_Given data:_
######

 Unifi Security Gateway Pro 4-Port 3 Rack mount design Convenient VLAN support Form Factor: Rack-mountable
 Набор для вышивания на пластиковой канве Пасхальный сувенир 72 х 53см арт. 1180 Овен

######

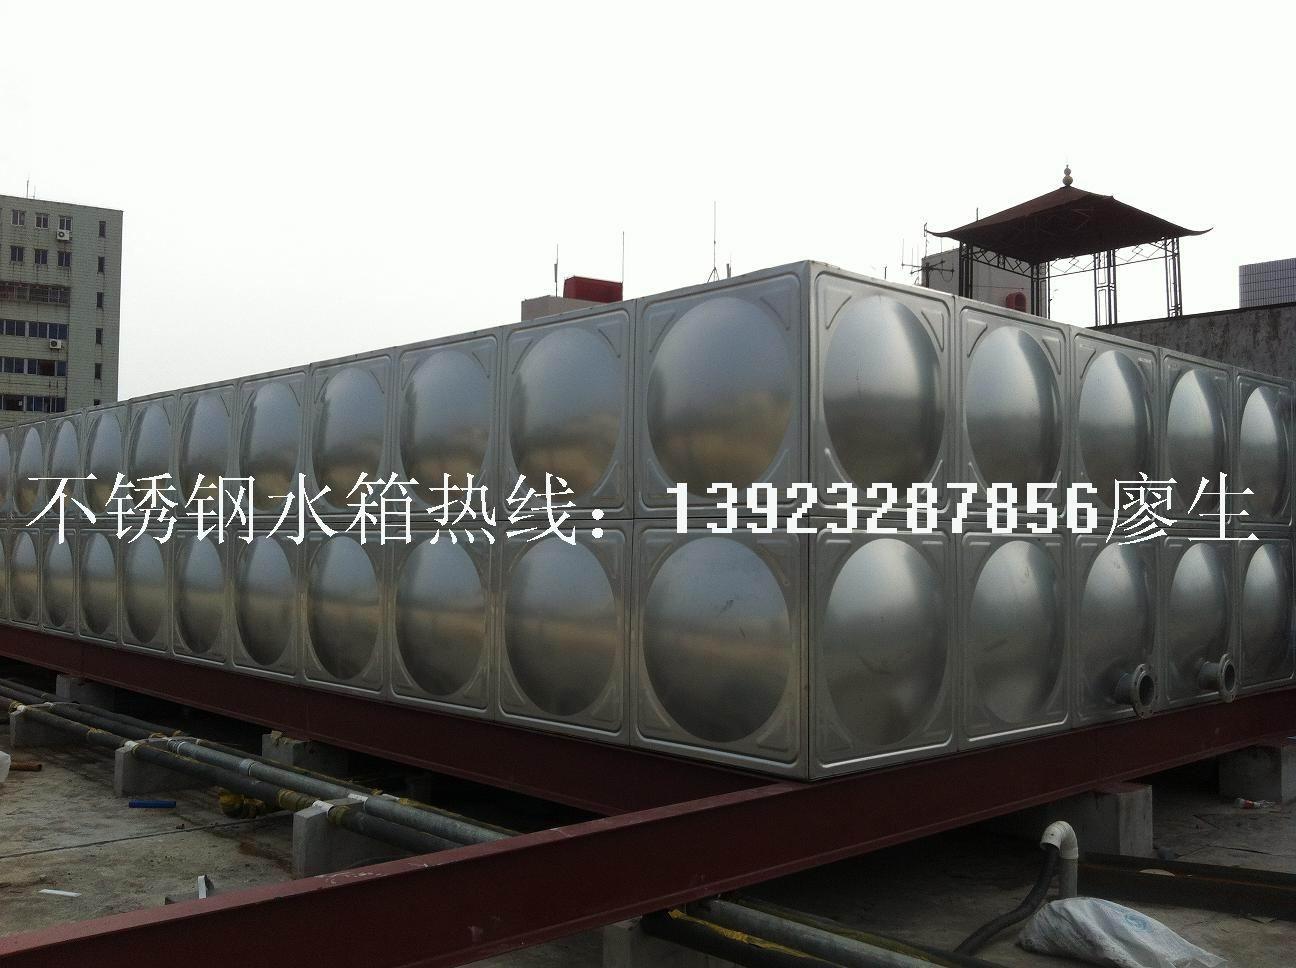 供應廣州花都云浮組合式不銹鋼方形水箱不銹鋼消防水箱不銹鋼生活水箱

######

_Work order:_ Please, from the entries above, set down exactly the lines from the one containing "Unifi Security Gateway" through the one containing "Набор для вышивания", and only those.

_Exercise output:_
 Unifi Security Gateway Pro 4-Port 3 Rack mount design Convenient VLAN support Form Factor: Rack-mountable
 Набор для вышивания на пластиковой канве Пасхальный сувенир 72 х 53см арт. 1180 Овен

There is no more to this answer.